Evaluating the Effectiveness of Extremity Dose Monitoring Mechanisms within UK Radiopharmacy Units
- Programme
- STP
- Specialty
- Clinical Pharmaceutical Sciences
- Author
- Harry Thomas
- Training location
- City Hospital Birmingham
Introduction
All UK individuals are exposed to a degree of ionising radiation however, for those working within a Radiopharmacy this risk is increased and particularly apparent to the extremities of the hand. Extremity dose monitoring is outlined by the HSE, although no standardised mechanism of monitoring is defined. Current literature displays that a large dose gradient is achieved across an operator’s hand, making measured dose dependent on the monitoring position employed.
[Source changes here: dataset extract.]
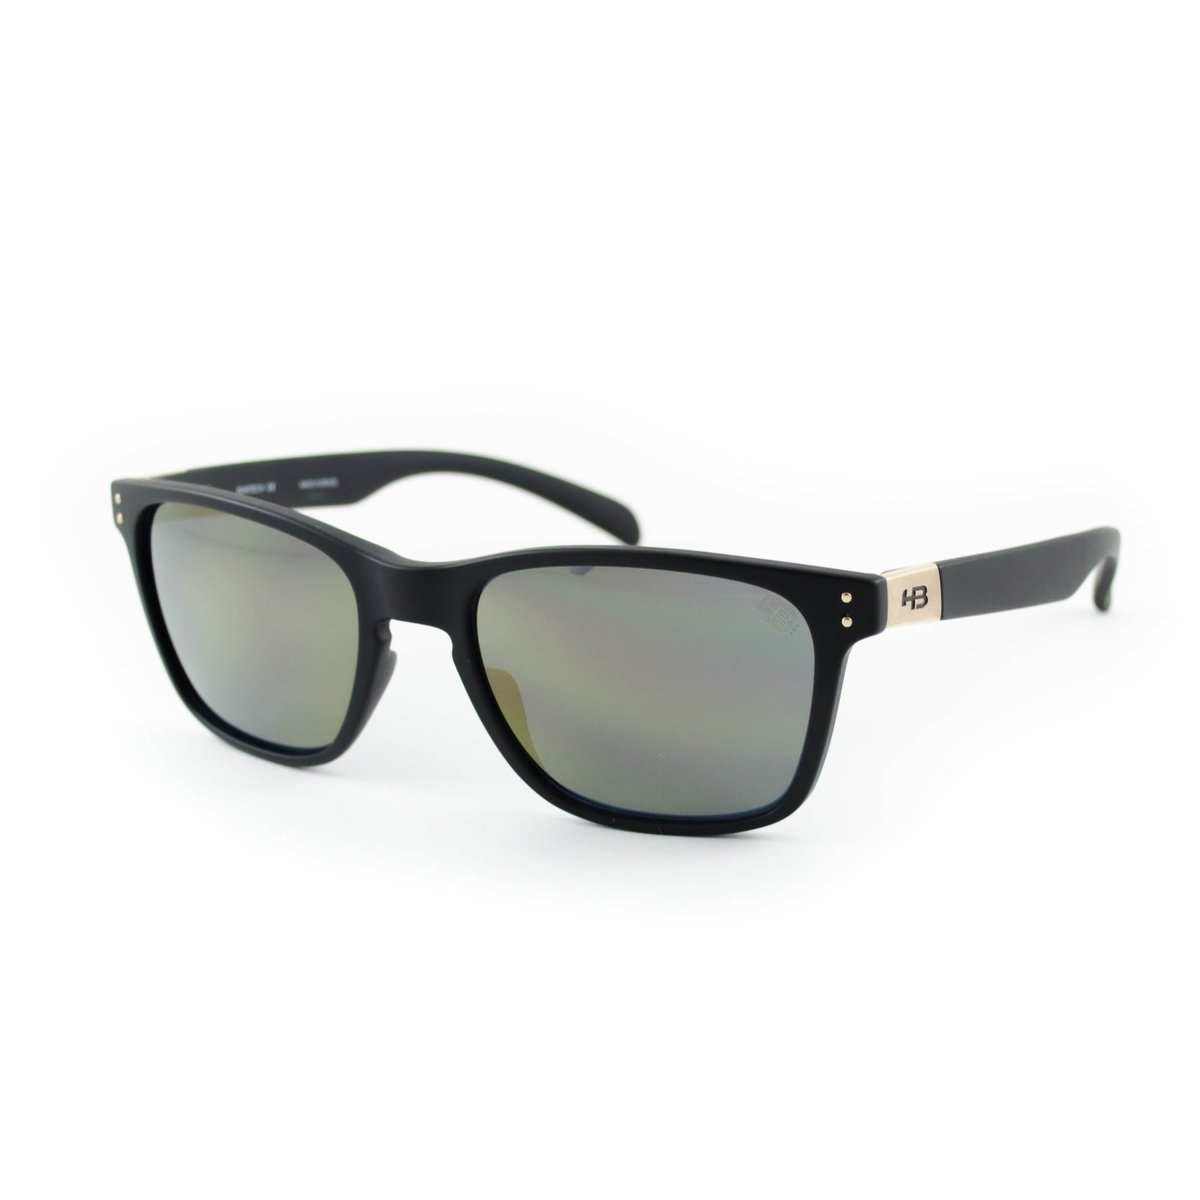 6ef537c7100fa Óculos de Sol HB Hot Buttered - Compre Agora   Netshoes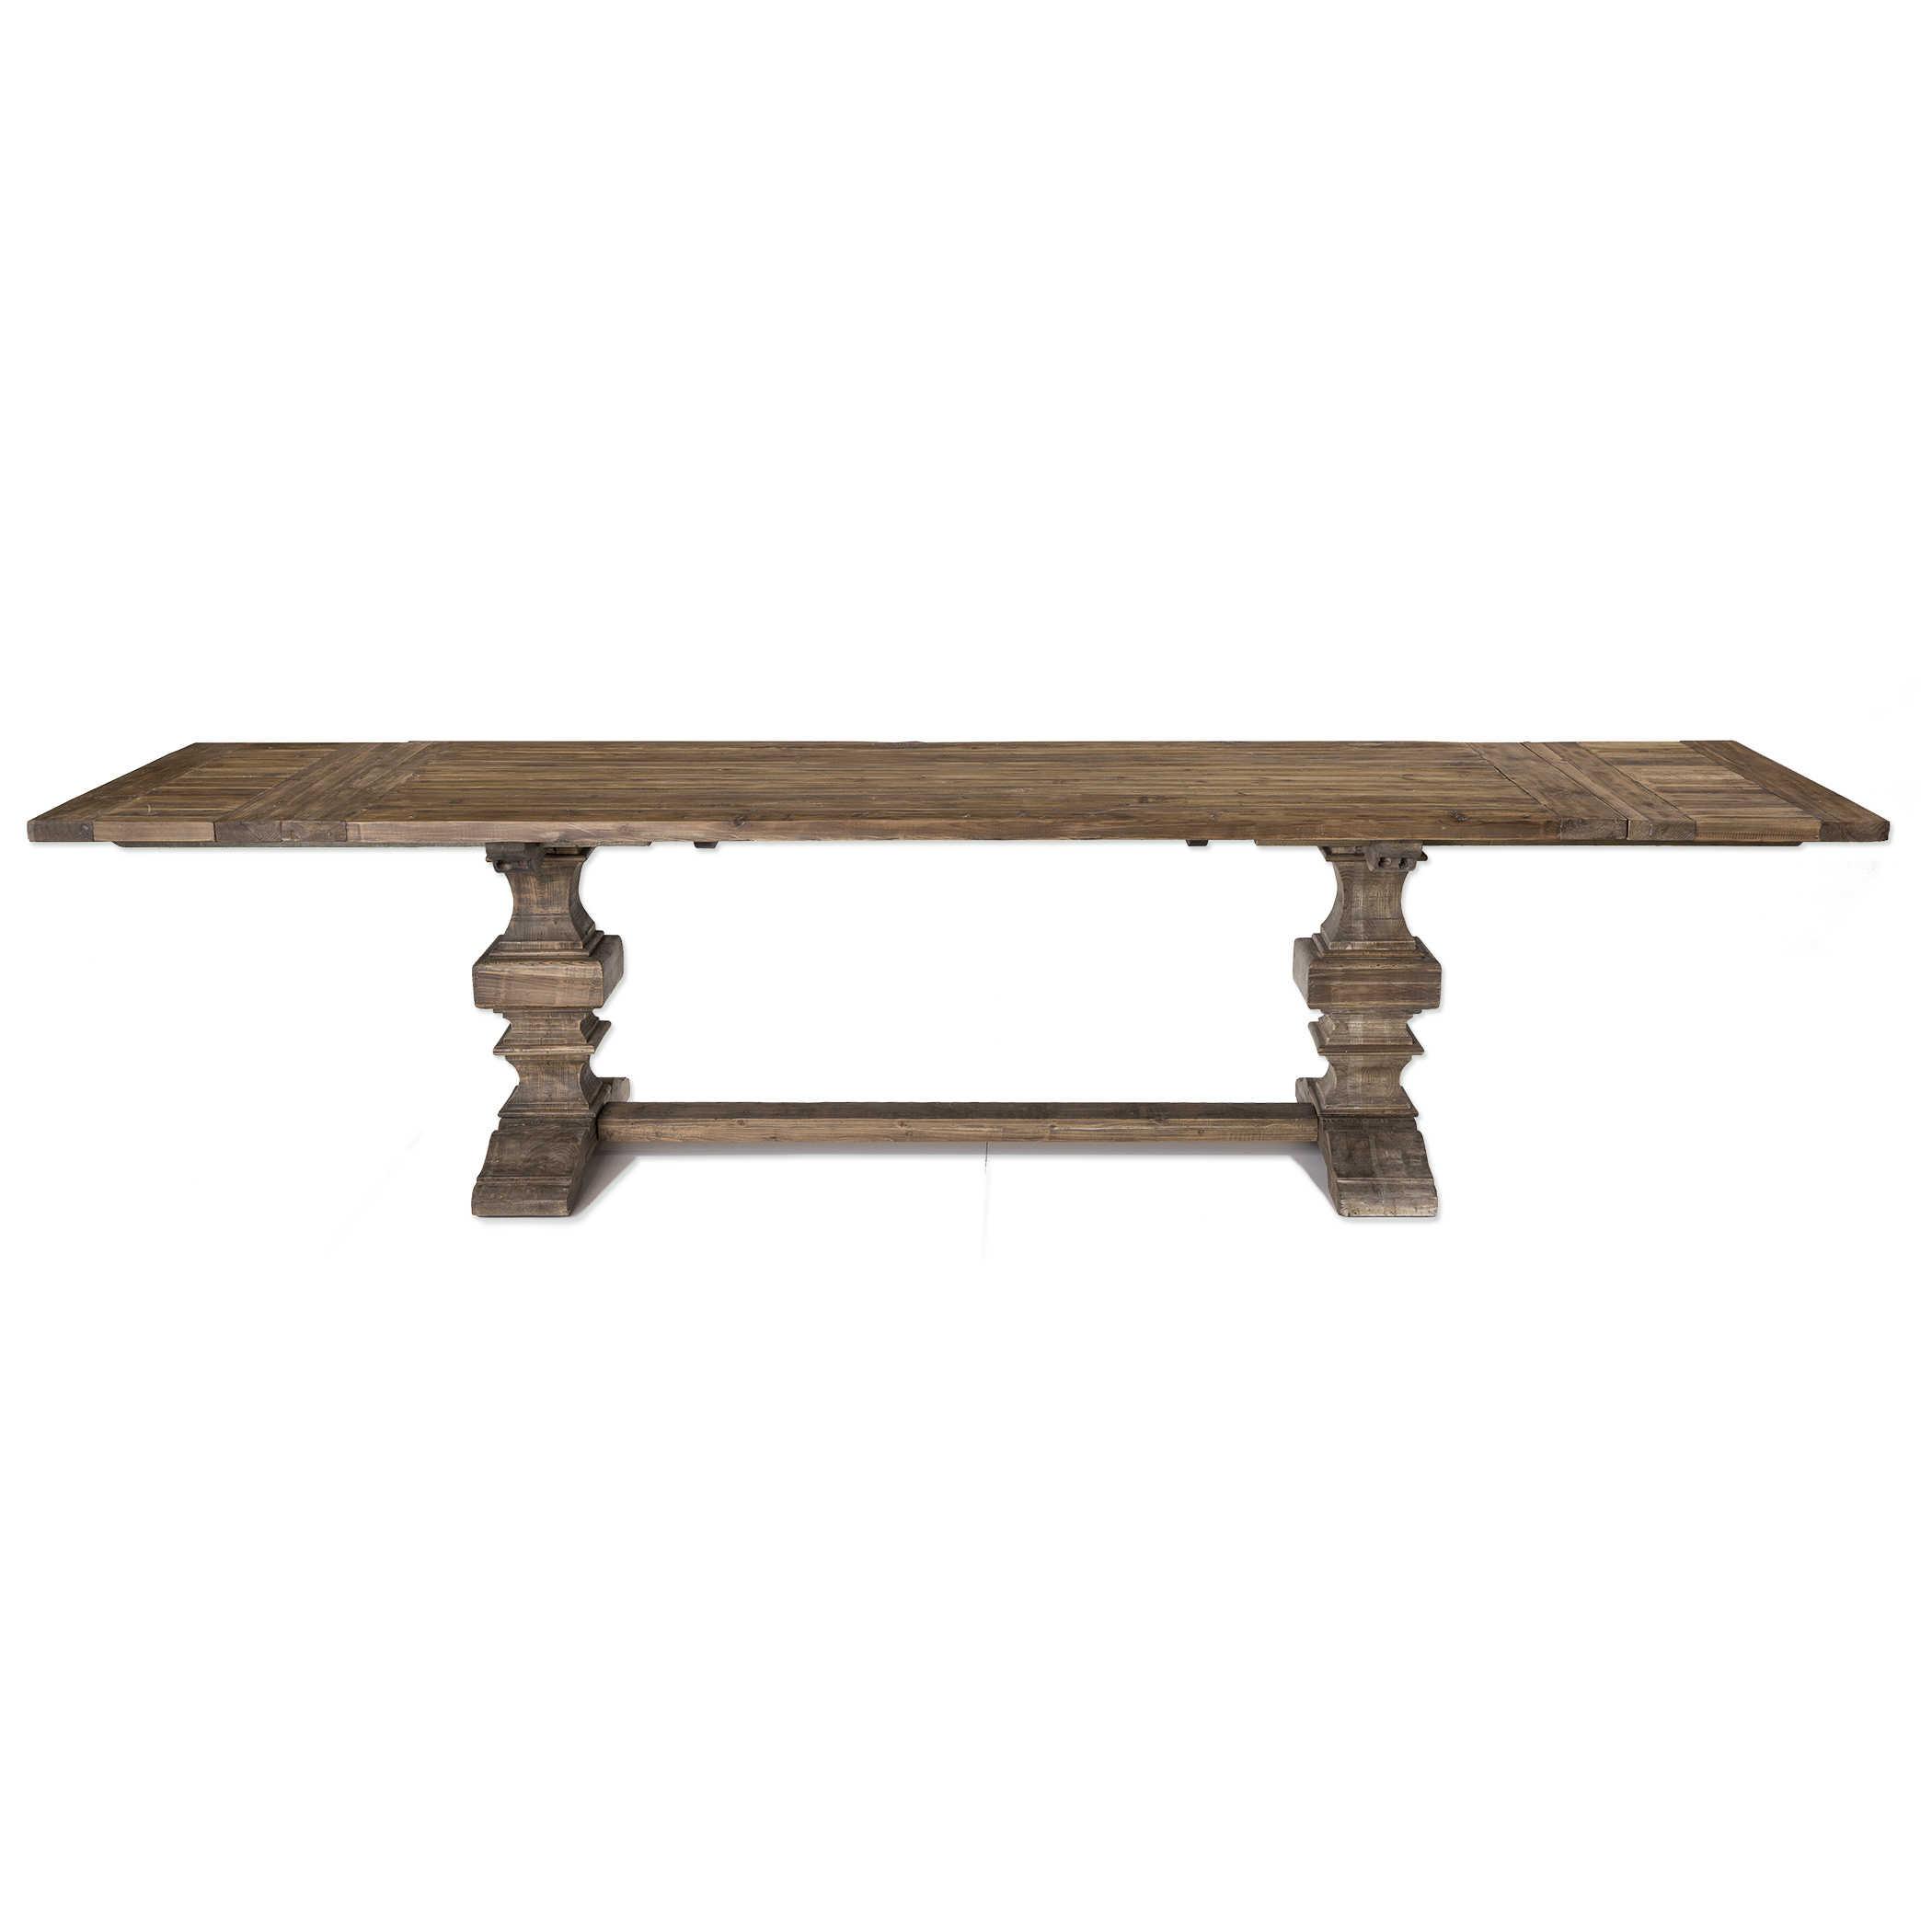 Baldrick Extension Dining Table Uttermost, Uttermost Dining Room Tables

If inadequately controlled, this has the potential to result in the systemic underestimation of operators true maximal IR exposure.
Objective
It is the aim of this study to investigate the effectiveness of extremity dose monitoring mechanisms utilised within UK Radiopharmacy units.
Methods
Internal study centre evaluations quantifying this dose gradient are to be employed. An extremity monitoring survey is to be distributed via the UKRG network with measured doses compared dependent on monitoring position. Internally derived correction factors are to be applied to reported doses to estimate the true maximal exposure within UK Radiopharmacy units.
Results
A significant difference (P>0.05) in measured dose was observed for monitoring provisions employed on the dominant and non-dominant hand. For two out of three operators the index fingertip displayed the highest measured dose. However inter-operator variability impaired statistical significance for dispensing operators. Overall, a large degree of variance was observed in UK monitoring techniques however, all reported doses (n=109) were within HSE limits. Upon application of internally derived scaling factors, two operator doses exceeded classification limit. When employing literature derived worst-case factors, it was estimated that 5.5% of individuals may unknowingly exceed the 500mSv limit as a result of inadequate monitoring technique.
Conclusion
A significant dose gradient is achieved across the hand of Radiopharmacy operators however, there are several contributory factors which result in variability across operators making defining a standardised factor challenging. Departments are recommended to take a risk-based approach to extremity monitoring provisions in order to best determine the true level of operator ionising radiation exposure.